_Problem details:_
Although the data below contains pictures, output only the lines between those holding "Reportatge: Com es" and "Immagini Natale Desktop.Sfondi", inclusive, exactly and without those pictures.

_Raw data:_

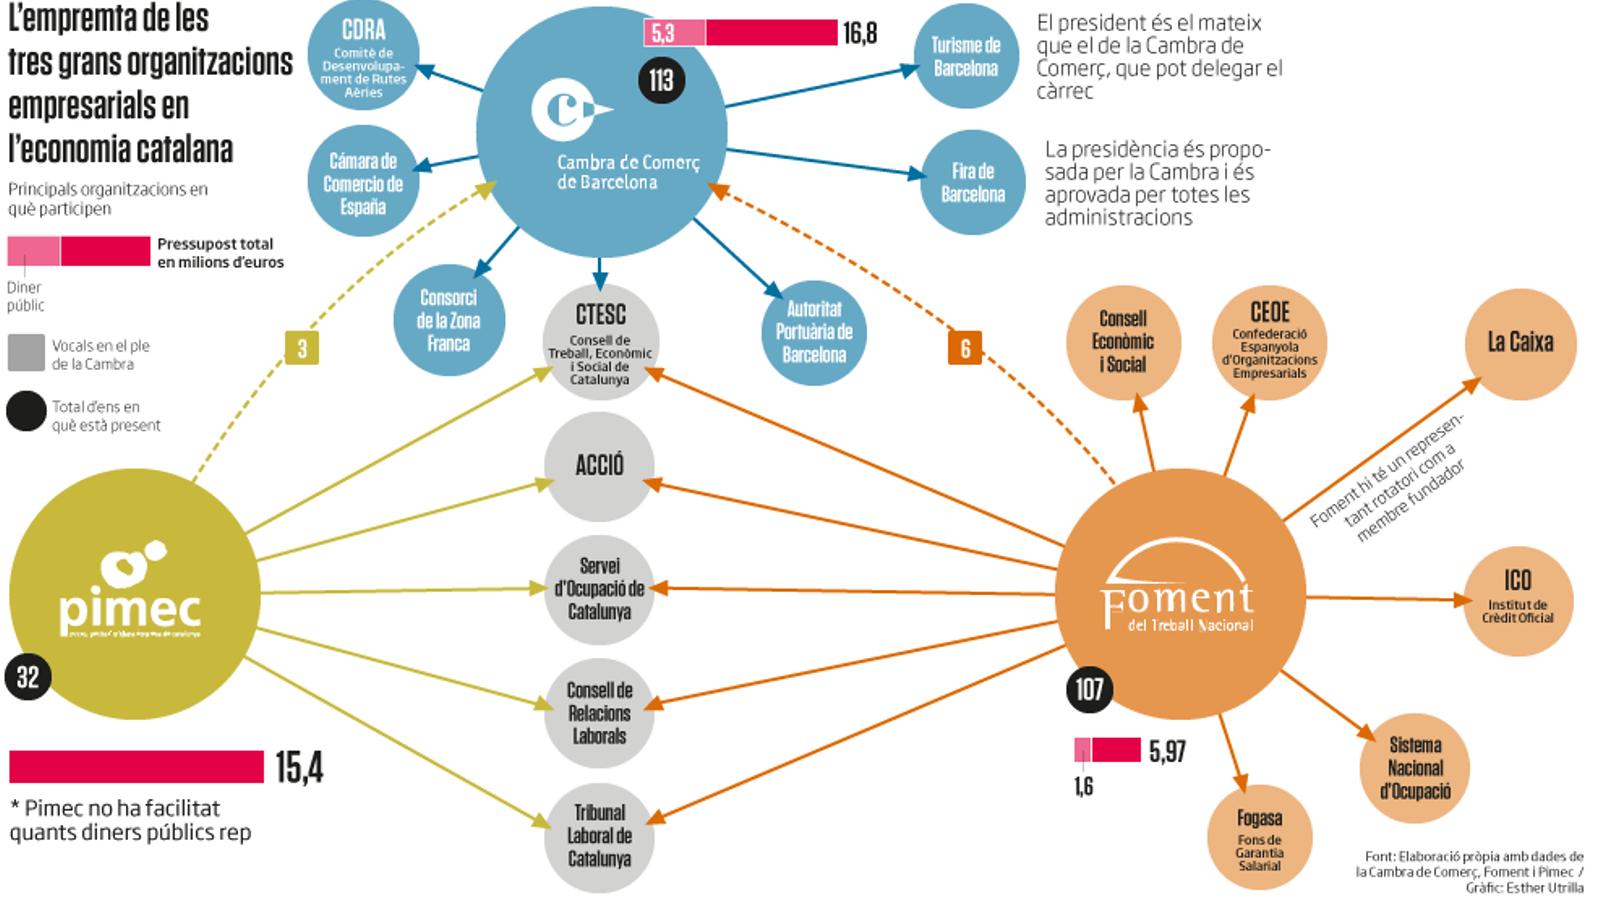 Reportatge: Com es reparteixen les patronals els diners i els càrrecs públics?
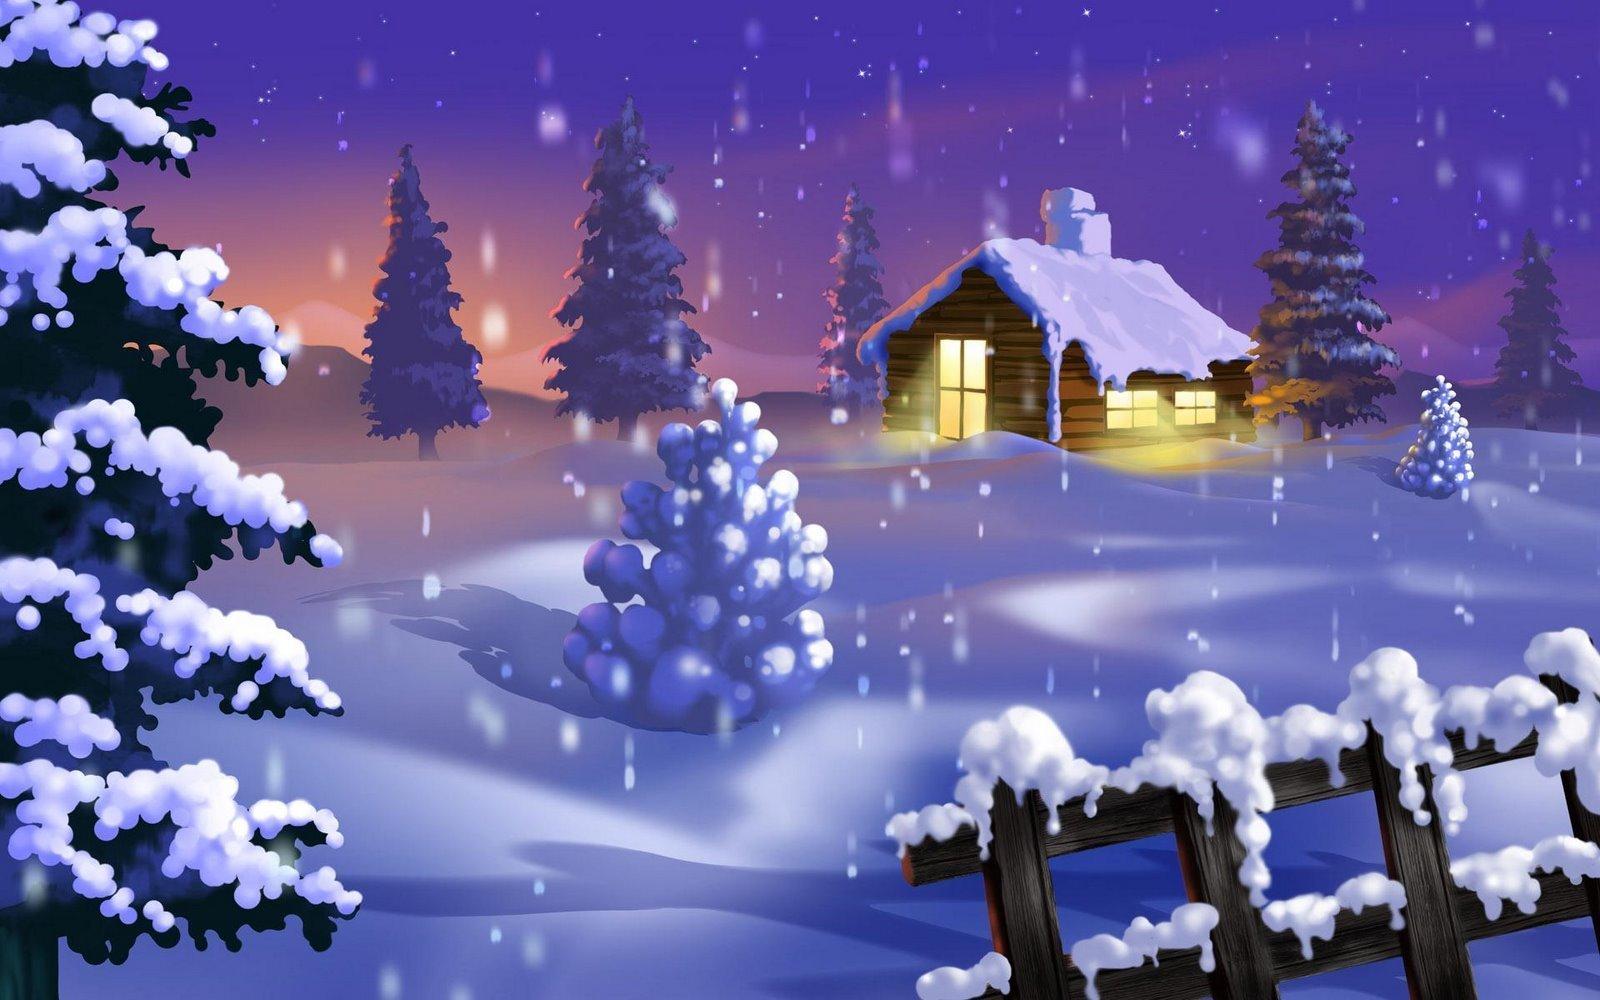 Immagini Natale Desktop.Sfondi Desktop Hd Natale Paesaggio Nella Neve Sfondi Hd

---

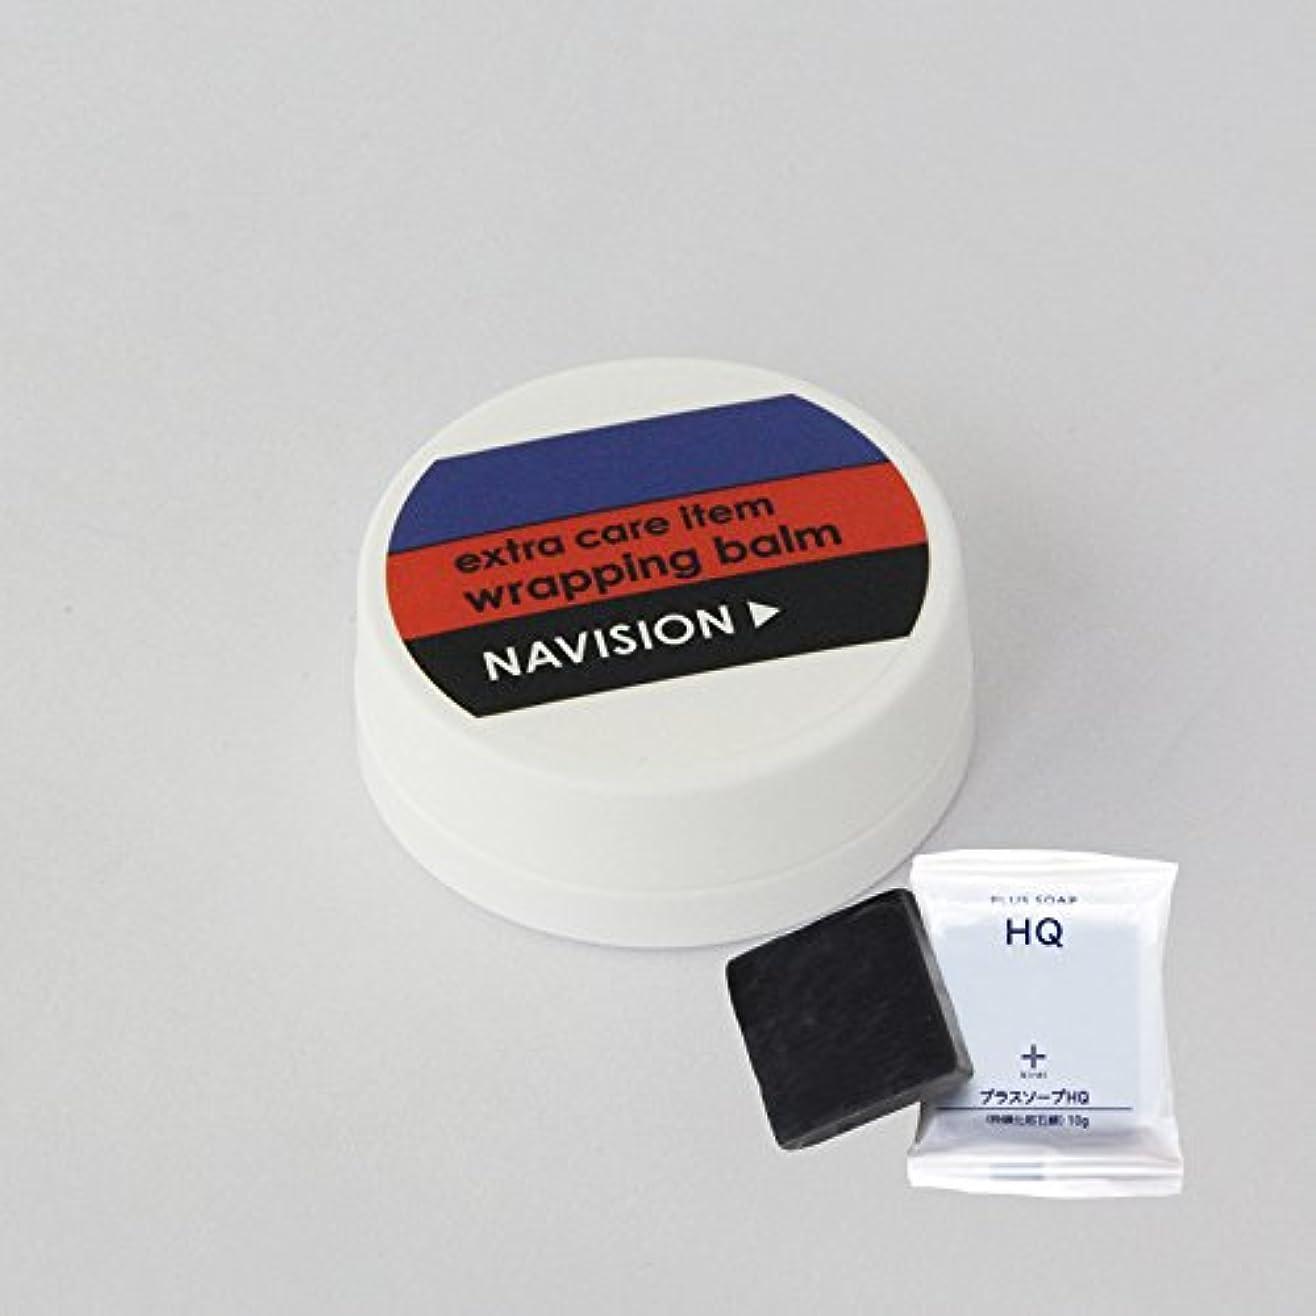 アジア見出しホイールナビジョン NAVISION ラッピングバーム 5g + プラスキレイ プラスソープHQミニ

_Exercise solution:_
 Reportatge: Com es reparteixen les patronals els diners i els càrrecs públics?
 Immagini Natale Desktop.Sfondi Desktop Hd Natale Paesaggio Nella Neve Sfondi Hd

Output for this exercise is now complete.